La solution retenue est la berlinette fermée. La position moteur est conservée à l’identique : centrale arrière, longitudinale. Le châssis Tipo 577, à tubes d’acier avec longerons bas et renforts diagonaux autour du cockpit, reprend les principes structurels du prototype. Sous l’enveloppe de berlinette, le châssis et la mécanique sont ceux de la 250 P.
La carrosserie est confiée à Sergio Scaglietti, carrossier habituel de Maranello, sur une étude aérodynamique de Pininfarina. Pininfarina définit les formes, Scaglietti les réalise en aluminium sur le châssis tubulaire. Le résultat est une silhouette à ligne de toit fuyante, vitre arrière inclinée, prises d’air latérales pour le refroidissement du moteur central. Trente-deux châssis seront construits entre 1963 et 1965.

L’anatomie d’une machine entre deux mondes
Présentée comme berlinette, la 250 LM n’en partage que la silhouette. Sous la carrosserie aluminium de Scaglietti, les choix techniques renvoient aux prototypes : les freins inboard à l’arrière, le V12 en position centrale arrière. La carrosserie fermée est la seule concession à l’homologation GT envisagée.
Le châssis Tipo 577
Le châssis porte la désignation interne Tipo 577. C’est une structure à treillis tubulaire en acier, selon le principe qui équipe l’ensemble des Ferrari de course de l’époque.

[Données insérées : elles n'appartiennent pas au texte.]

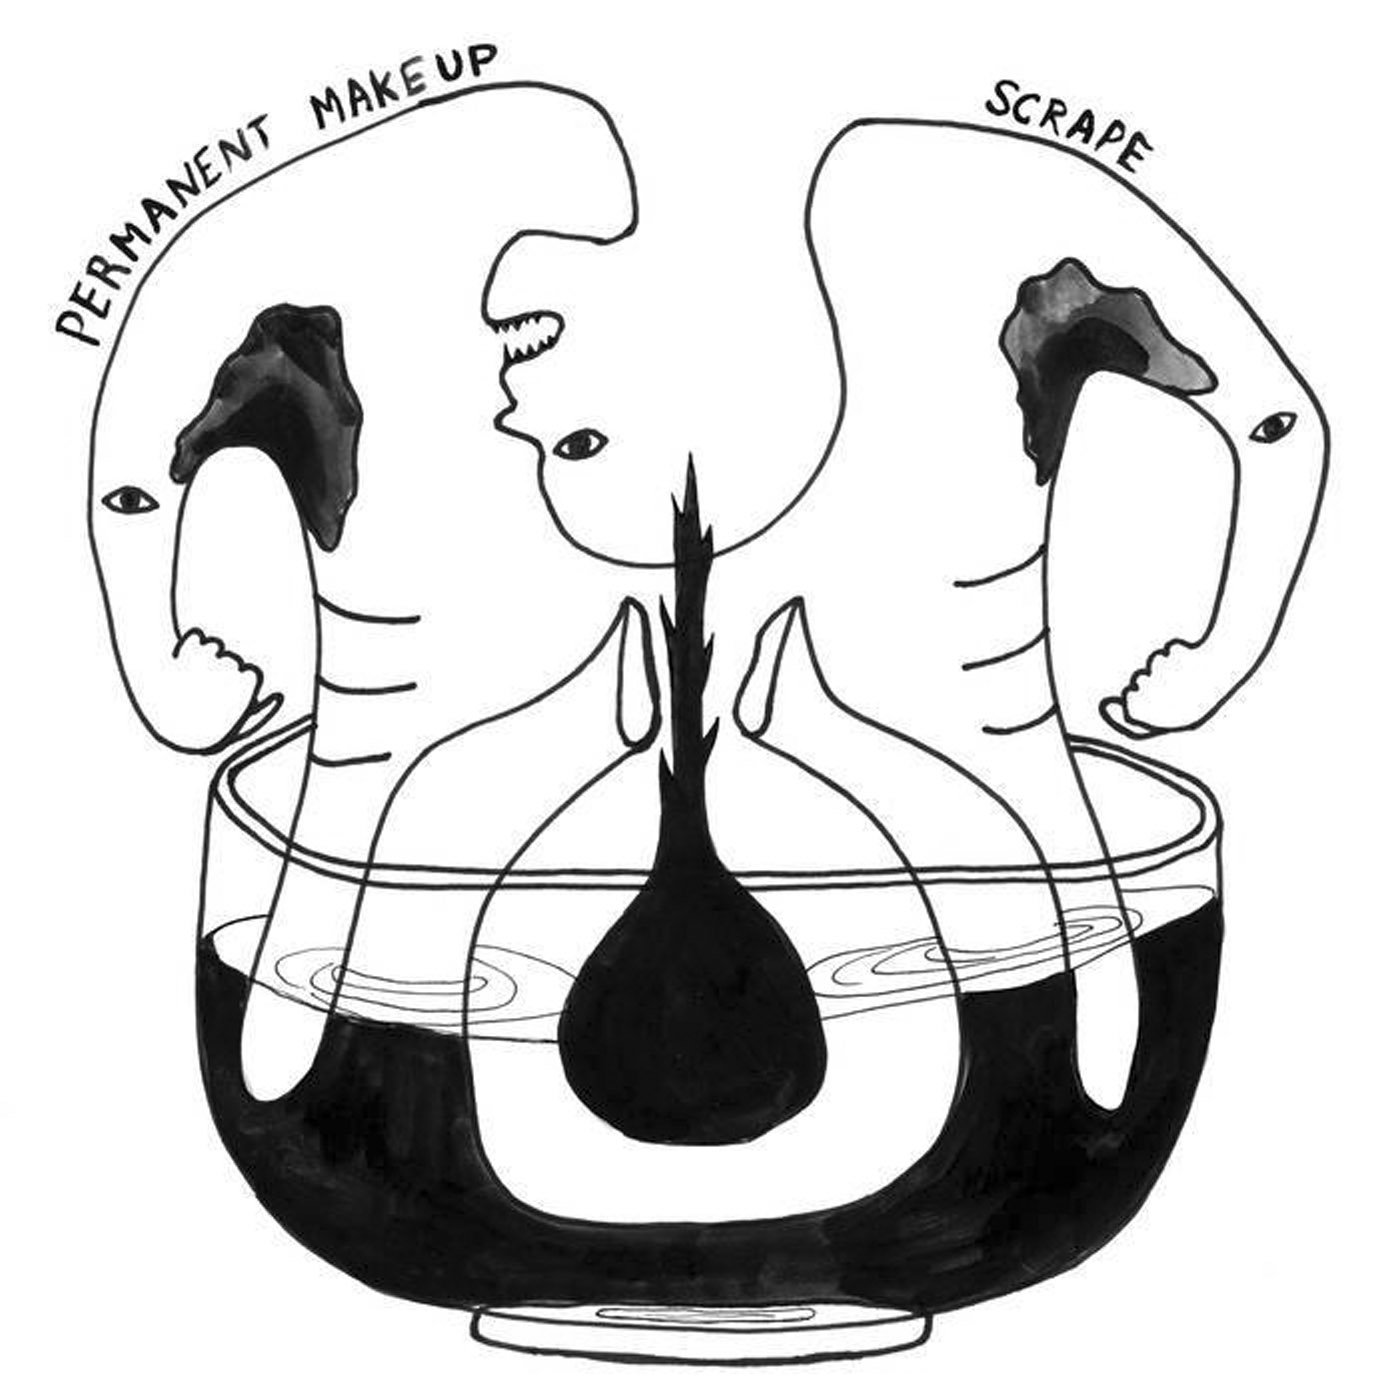 Permanent Makeup - Scrape LP - SOLD OUT

Les tubes diagonaux sont renforcés autour du cockpit, zone de contrainte prioritaire en cas de tonneau ou d’impact latéral. Les longerons sont bas, ce qui abaisse le centre de gravité sans recourir à des matériaux composites, encore absents du vocabulaire de Maranello en 1963. La carrosserie en aluminium est légère, mais le poids total reste disputé de 820 kg à sec, à 850 – 900 kg en ordre de marche selon les sources.

Le V12 Colombo en position centrale
Le moteur est le V12 Colombo à 60°, un bloc dont les origines remontent au dessin de Gioacchino Colombo pour Ferrari à la fin des années 1940, et qui a évolué à travers chaque génération de machines de Maranello. Deux variantes ont équipé les trente-deux châssis : le Tipo 211, reçu par environ deux tiers d’entre eux, et le Tipo 210. Ferrari n’a jamais publié de chiffres officiels de puissance : toutes les valeurs disponibles, de 270 à 320 ch selon les configurations, sont des estimations de sources secondaires. La répartition par châssis individuel relève des registres Ferrari Classiche.

Freins et suspensions : héritage prototype
Le système de freinage est directement issu du monde des prototypes. Les disques Dunlop sont montés outboard à l’avant et inboard à l’arrière. Le frein inboard nécessite des demi-arbres renforcés pour transmettre les efforts de freinage et réduit les masses non suspendues sur l’essieu arrière : un avantage cinématique acquis au prix d’une complexité mécanique accrue.

Les suspensions comprennent des doubles triangles inégaux aux quatre roues, avec amortisseurs télescopiques Koni et barres anti-roulis. La géométrie en doubles triangles permet de contrôler l’évolution du carrossage en virage, une exigence fondamentale sur les circuits de vitesse comme Le Mans ou Reims.
Le refus de la FIA : une berlinette sans catégorie
La demande d’homologation que Ferrari avait déposée pour la 250 LM en catégorie Groupe 3 GT repose sur une condition simple : cent exemplaires produits en douze mois. Au printemps 1964, la production n’a pas atteint ce seuil. Ferrari a construit une vingtaine de châssis depuis la présentation de la voiture au Salon de Paris en octobre 1963. La FIA examine le dossier en avril 1964 et rend son verdict : refus.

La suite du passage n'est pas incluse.